[INSTRUCTIONS TO FOLLOW]
Beginning with the line containing "This very smart" and going on through the line containing "FREE WORLDWIDE DELIVERY IS", the lines below are to be returned exactly, pictures excluded and nothing added.

[PROVIDED DATA]
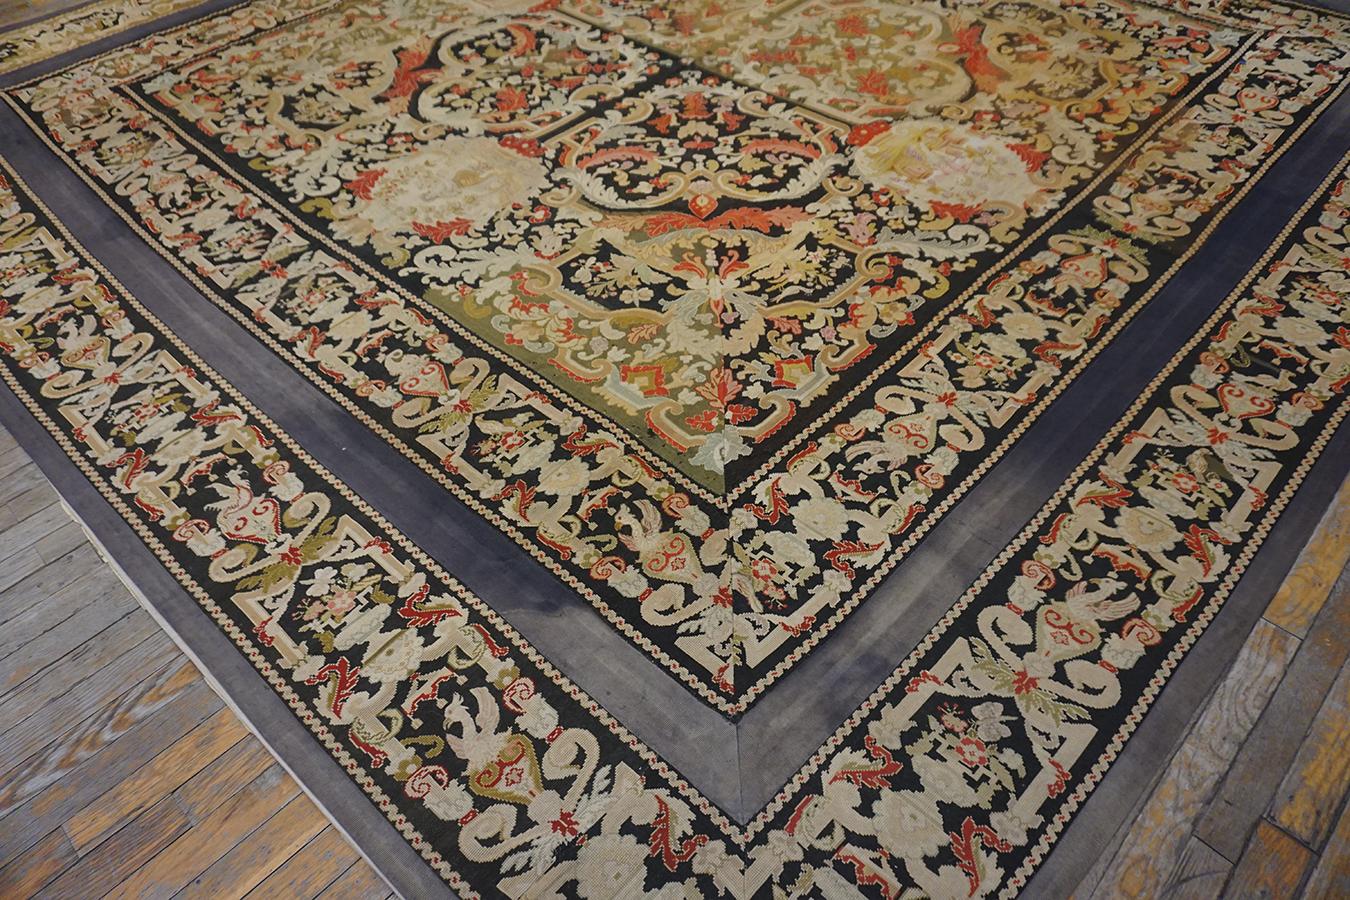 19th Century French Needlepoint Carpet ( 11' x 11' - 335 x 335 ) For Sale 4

* * *

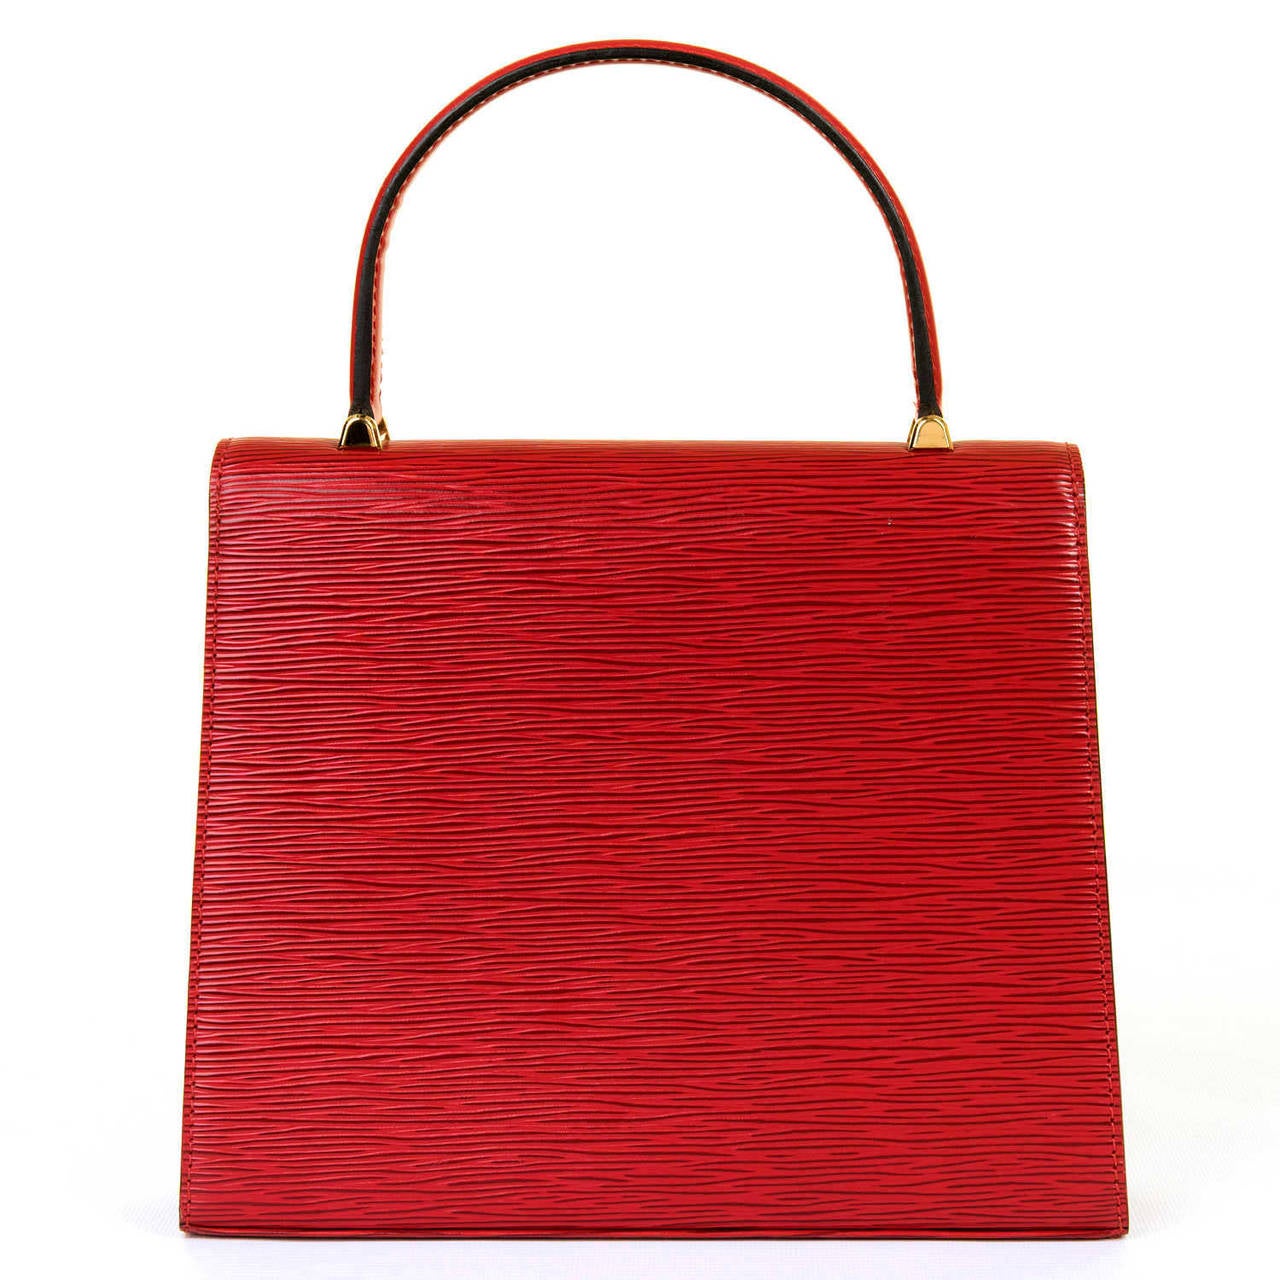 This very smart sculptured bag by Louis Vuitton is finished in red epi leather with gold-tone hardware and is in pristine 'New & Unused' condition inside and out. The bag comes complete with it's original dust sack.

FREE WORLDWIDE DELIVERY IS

[EXPECTED ANSWER]
 This very smart sculptured bag by Louis Vuitton is finished in red epi leather with gold-tone hardware and is in pristine 'New & Unused' condition inside and out. The bag comes complete with it's original dust sack.

FREE WORLDWIDE DELIVERY IS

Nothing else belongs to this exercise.